Measuring devices of the above type are known for example from US 5,163,332 and GB 1 398 977. No. 5,163,332 describes an NDIR single-beam gas analyzer with a measuring cell, which can be operated in diffusion mode. The measuring cell consists of a closed tube which has several discrete gas access openings distributed over the length of the tube. The gas exchange takes place via a membrane that spans the gas access openings is. The radiation source and the detector are fixed at the two ends of the tube-like measuring cell. The measurement system is comparatively complicated due to the membrane system. GB 1 398 977 also describes a single-beam infrared photometer for the measurement of gases, the lamp serving as the radiation source being clocked with the aid of an oscillator. The radiation modulated in this way with a clock frequency of a few Hz passes the gas measuring section and passes through an optical filter, which is transparent to a certain wavelength, to a radiation-sensitive detector. The measuring cuvette consists of an all-round closed tube with a reflecting inner surface. The radiation source and the detector are located at the respective ends of the tube. The gas is admitted through a small opening in the area of the optical filter or detector. The use of such a clocked light source has the advantage that small, light, inexpensive, in principle battery-operated and portable, but nevertheless powerful gas analyzers can be implemented.

However, it is disadvantageous that the known cuvettes are only suitable for a narrow measuring range because the relationship between the sample gas concentration and the output signals is not linear and the measurement becomes inaccurate with increasing concentration.

The object of the invention is to develop gas analyzers of the type mentioned above in such a way that the disadvantages mentioned are eliminated, in particular an optimal adaptation of the cell lengths to the gas concentration range to be detected is possible.

The solution is that the radiation source is slidably arranged in the measuring cell.

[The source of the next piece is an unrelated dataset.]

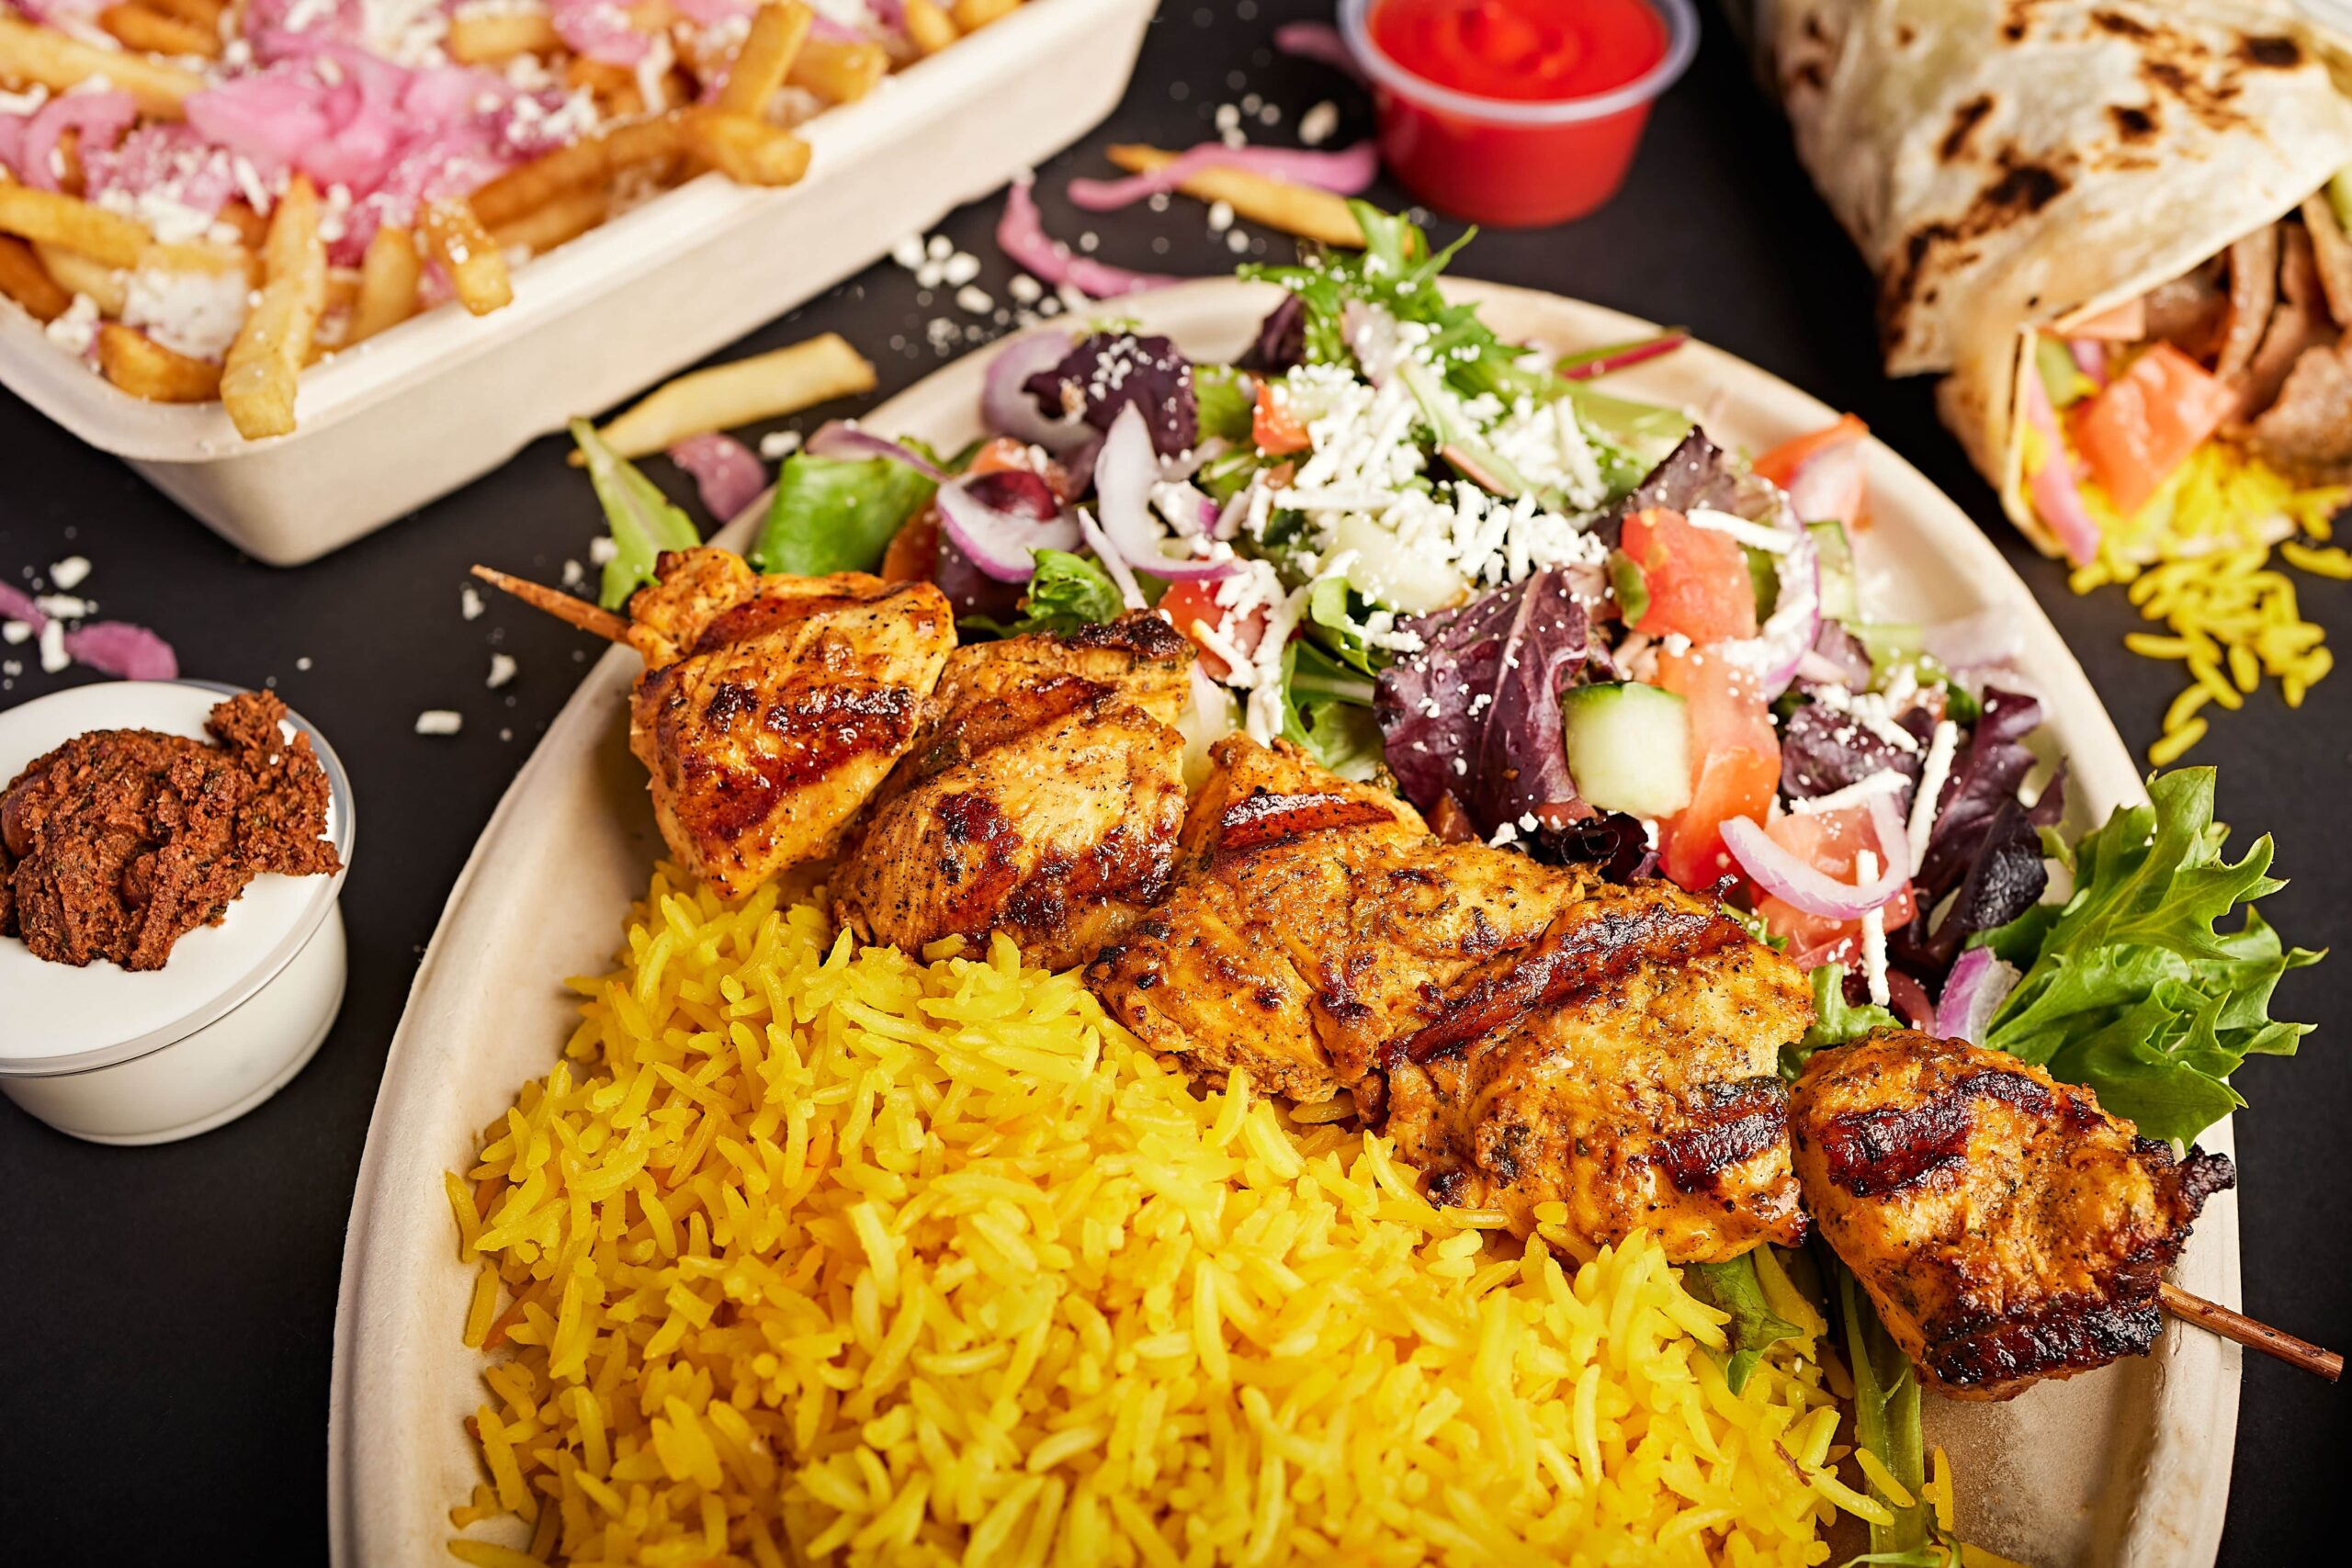 SoCal-based, fast-casual Mediterranean eatery The Kebab Shop is now open in El Segundo. The menu features bites like the customizable, refreshing Plates atop fragrant Saffron Rice.

The gas analyzer according to the invention enables an easy-to-handle adaptation of the absorption path between the radiation source and detector to different concentration ranges of the measurement gas and thus an optimization of the measurement accuracy in the concentration range to be monitored in each case, corresponding to the logarithmic decrement in a range over 5-7 orders of magnitude.

This adjustment of the measuring range is of interest, for example, for the measurement of carbon dioxide (CO ₂ ), since the CO ₂ concentration ranges to be measured can be very different depending on the application. In the area of air conditioning and ventilation technology, CO ₂ concentrations between approx. 350ppm (outside air content) and 5000ppm (MAK value) must be monitored. In flue gas measurement technology, the CO ₂ concentrations to be measured are typically between 10 and 20% by volume. In special applications there are also CO ₂ concentrations up to 100% by volume (with less resolution requirements).

When the radiation passes through the measuring medium, the intensity of the radiation is weakened by absorption. The relationships can be described quantitatively with the help of Lambert-Beer law: ln I / I ₀ = - εcd.

The ratio of transmitted radiation intensity I and source intensity Io decreases exponentially as a function of the concentration c and the length of the measuring section (cuvette length) d. The proportionality factor ε is the extinction coefficient.

Photometric measuring methods have an optimal working point for the extinction determined by the optics and electronics of the measuring device. Already from the Lambert-Beer law given above it can be seen that the relationship is not linear and that there is an ideal working area for absorbance measurement. The gas analyzer according to the invention now makes it possible for the layer thickness d, ie the distance between the radiation source and the detector, to be varied mechanically cheaply and simply, even in the case of very different gas concentration ranges to be monitored, and the Absorbance can always be kept in the optimal working area thanks to this simple mechanical adjustment. The gas analyzer according to the invention therefore enables an application-specific optimization of the measurement accuracy for any concentration ranges.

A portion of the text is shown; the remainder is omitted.